According to the predictive model from Design Expert 13.0, the optimal extraction conditions were determined as follows: an ultrasonic power of 309 W (Because the ultrasonic apparatus allows only integer power settings, we set the power to 300 W for the validation experiments and performed multiple replicates. The extraction results closely matched the model predictions, thereby substantiating 300 W as a scientifically grounded setting), a water content of 39%, and a solid–liquid ratio of 1:32 (g/mL). Under these optimized conditions, three replicate experiments were carried out, resulting in a total flavonoid content from honeysuckle of 9.12 ± 0.08%. The experimental results closely matched the predicted values, indicating that the model demonstrates a high degree of accuracy and reliability. Compared with the research results of Li et al. [29] and Zhou et al., [30] this study achieved a higher HF extraction rate after optimization by the response surface method, indicating that this method has a significant advantage in improving the extraction efficiency of flavonoids from honeysuckle.

3.5. SEM Analysis

Microstructural analysis of Honeysuckle tissues extracted with various solvents was performed using scanning electron microscopy. As illustrated in Figure 4a–c, the untreated material exhibited an intact and smooth initial organizational structure, with clearly larger and thicker fundamental cellular architecture on the surface. Following extraction with 70% ethanol (Figure 4d–f) and water (Figure 4g–i), the material surface displayed fine pores, cracks, and small fragments. Notably, samples treated with DES-4-UAE showed markedly weakened and atrophied surfaces, characterized by more pronounced cracking and porous structures (Figure 4j–m). These observations indicate that DES-4 may possess stronger penetrative and erosive capabilities than conventional solvents, thereby facilitating enhanced extraction of active compounds. Similar observations were reported when DESs were used to extract active compounds from Morus alba L. leaves, where the biomass morphology and structure were more markedly disrupted compared with other solvents [28]. In a word, DES-UAE represents a sustainable and effective method to increase the yield of bioactive compounds in plant substrates.

Figure 4.

Scanning electron micrographs of honeysuckle tissue microstructure. (a–l) respectively depict the tissue surfaces of untreated, water-extracted, 70% ethanol-extracted, and DES-4-UAE-treated honeysuckle under varying magnification levels, (m) represents the schematic diagram of the extraction mechanism under different conditions. The yellow arrows in Figures (j–l) highlight the formation of more pronounced pores and fissures following treatment with DES-4-UAE, thereby facilitating the release of flavonoids.
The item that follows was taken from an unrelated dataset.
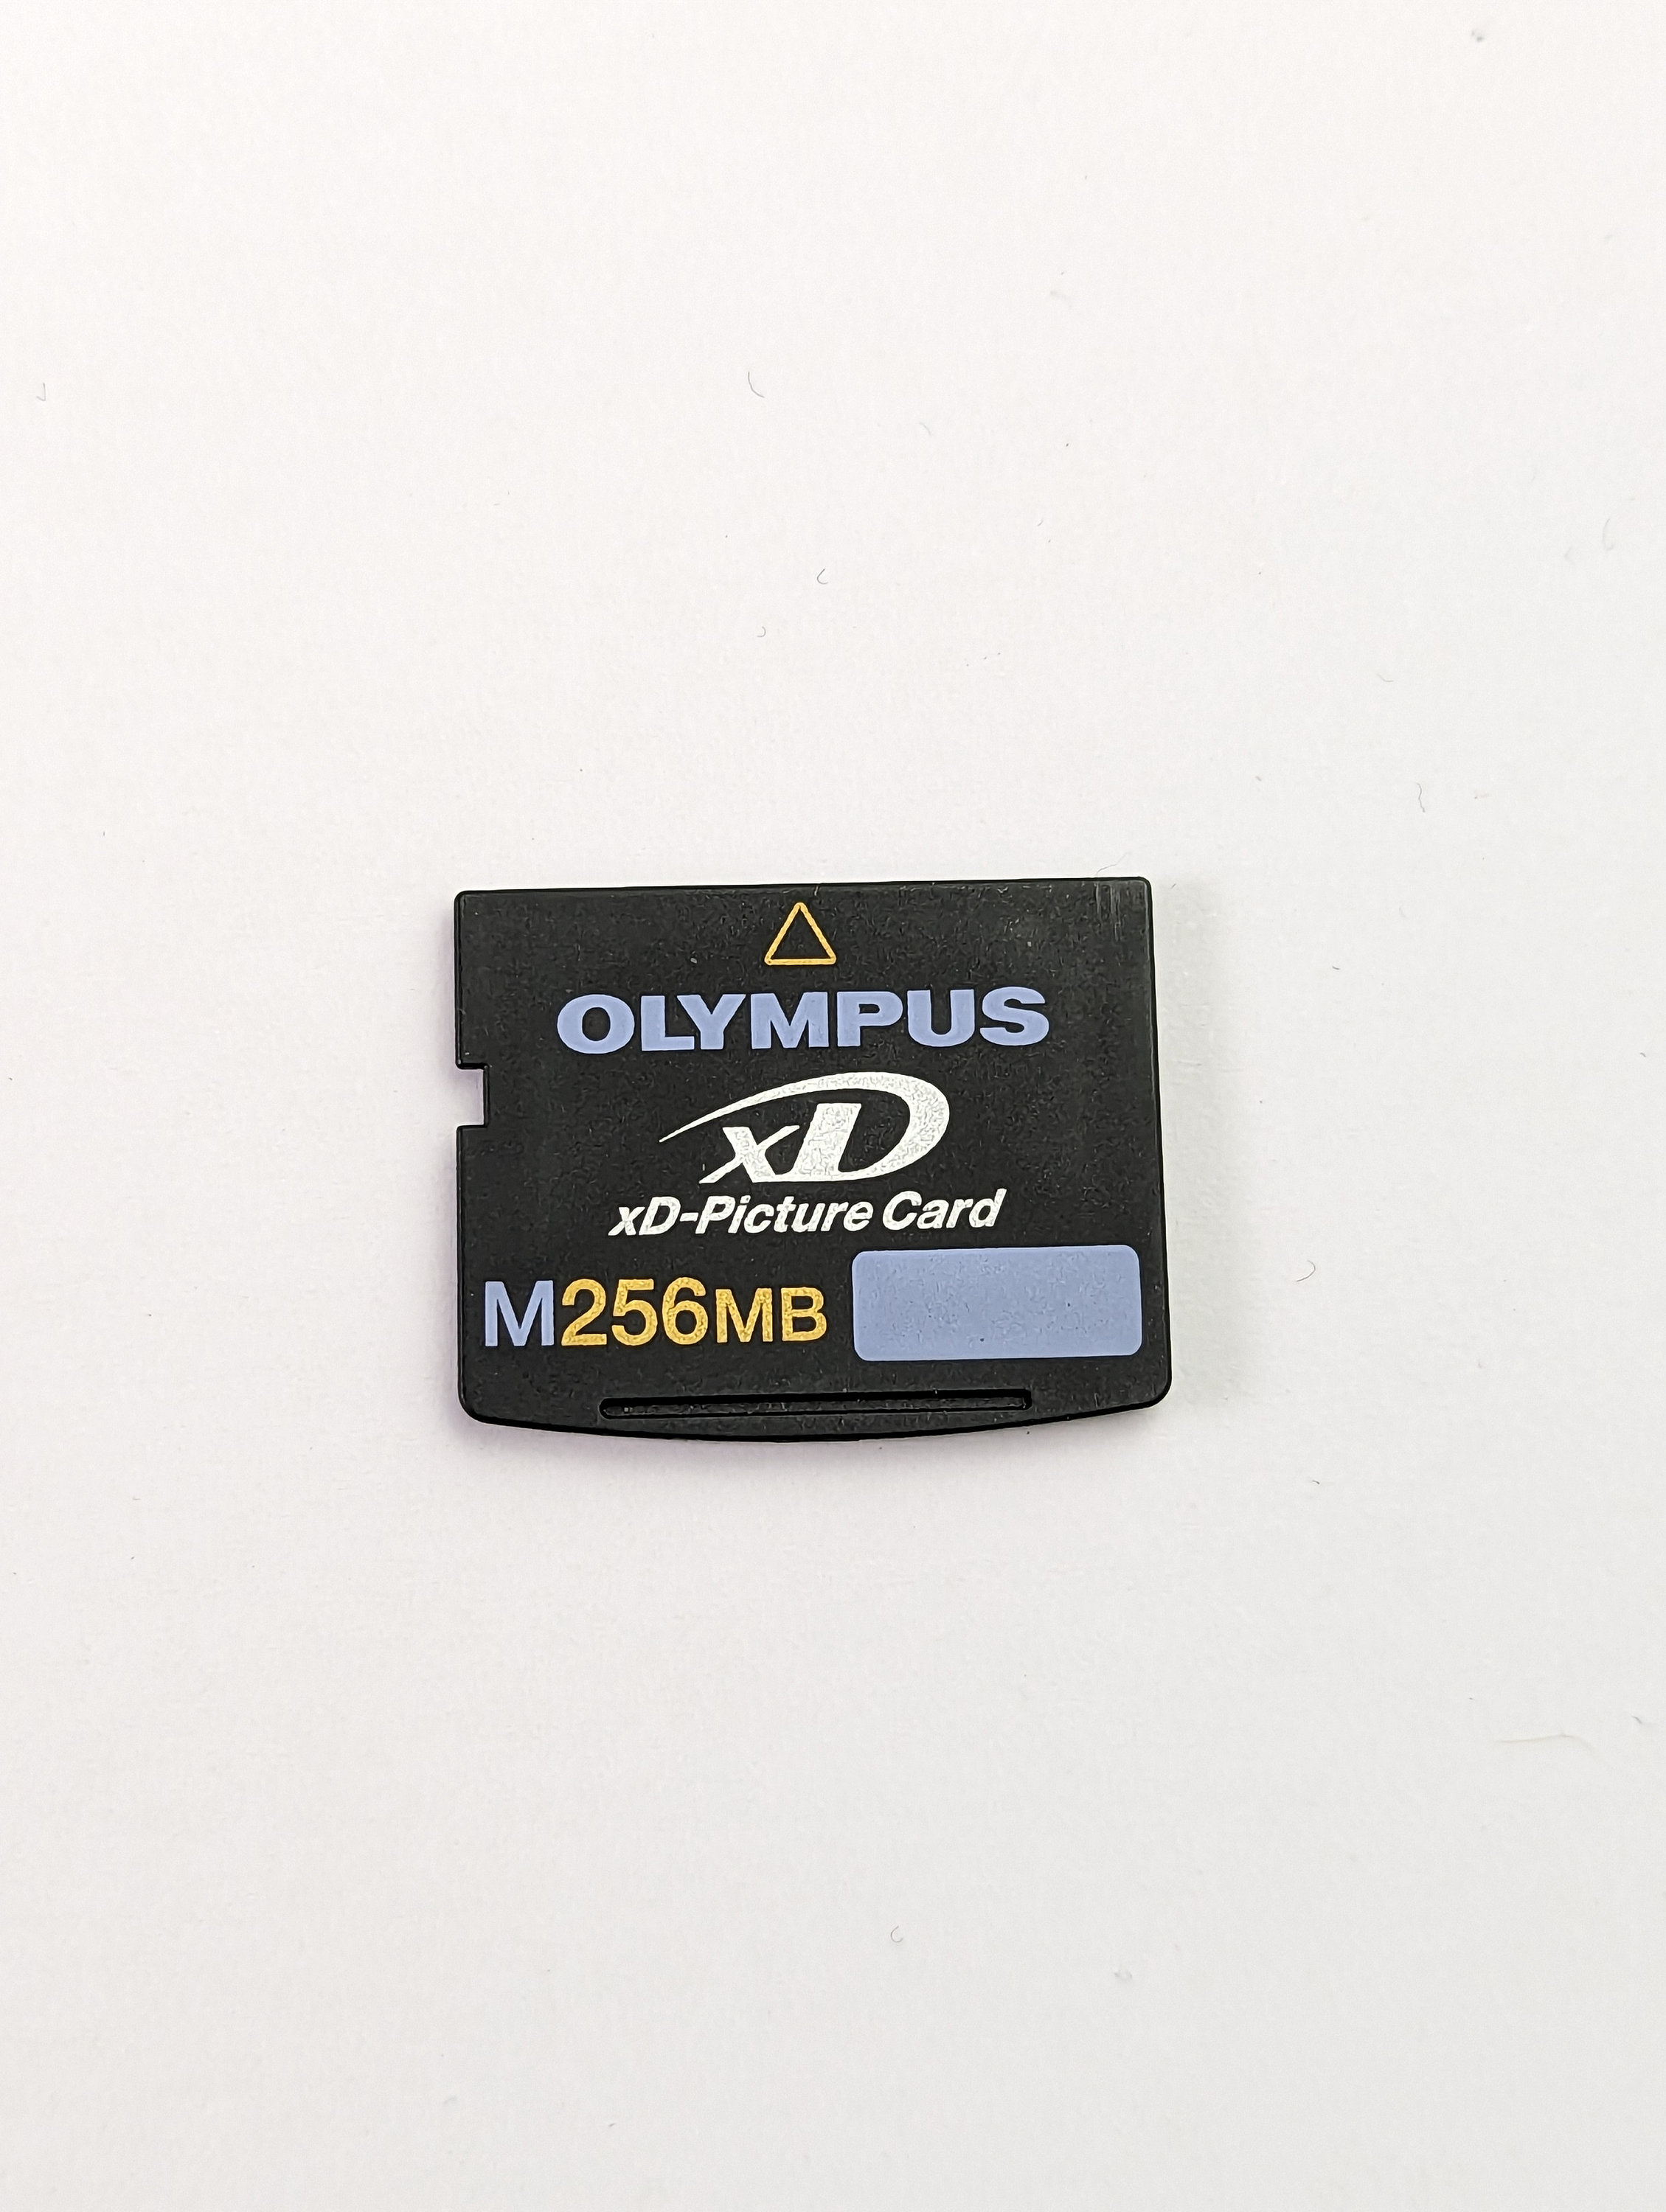 Vintage Olympus 256 Mb XD Picture Card MXD 256M3 Type M Made ...

3.6. HPLC-MS Targeted Analysis and Antioxidant Activity Analysis

In this experiment, HF extracted under the optimal conditions was analyzed by targeted HPLC–MS and compared with extracts obtained using the conventional solvent ethanol (Figure 5a). Targeted analysis results show that UAE-DES-4 has a more significant extraction effect. The main flavonoids include luteolin, quercetin, astragalin, rutin, cynaroside, apigenin, etc., among which luteolin (4.59 ± 0.09 mg/g) and quercetin (3.05 ± 0.02 mg/g) were relatively high in HF (Table S3). Overall, DES-4-UAE was used in this experiment to achieve remarkable extraction effect, and the content of total flavonoids was significantly higher than that of ethanol extraction and some plant flowers rich in flavonoids. such as Angelica keiskei leaves (7.58 ± 0.35 mg/g) [31], Eriobotrya japonica lindl (Maximum Yield: 6.36 ±0.41 mg/g) [30]., etc. Many researchers have proven the extraction advantages of DES, for example, Ma et al. also found that DES synthesized by Chcl and lactic acid showed better extraction effect on flavonoids in Camellia oleifera [32].

Figure 5.

Under the optimum extraction conditions, HPLC-MS targeted analysis (DES-4-UAE and ethanol extraction) (a) and antioxidant activity comparison; DPPH inhibition rate (b); ABTS⁺ inhibition rate (c). All values are the average standard deviations of three replicates. Different lowercase letters between groups indicate significant differences (p < 0.05).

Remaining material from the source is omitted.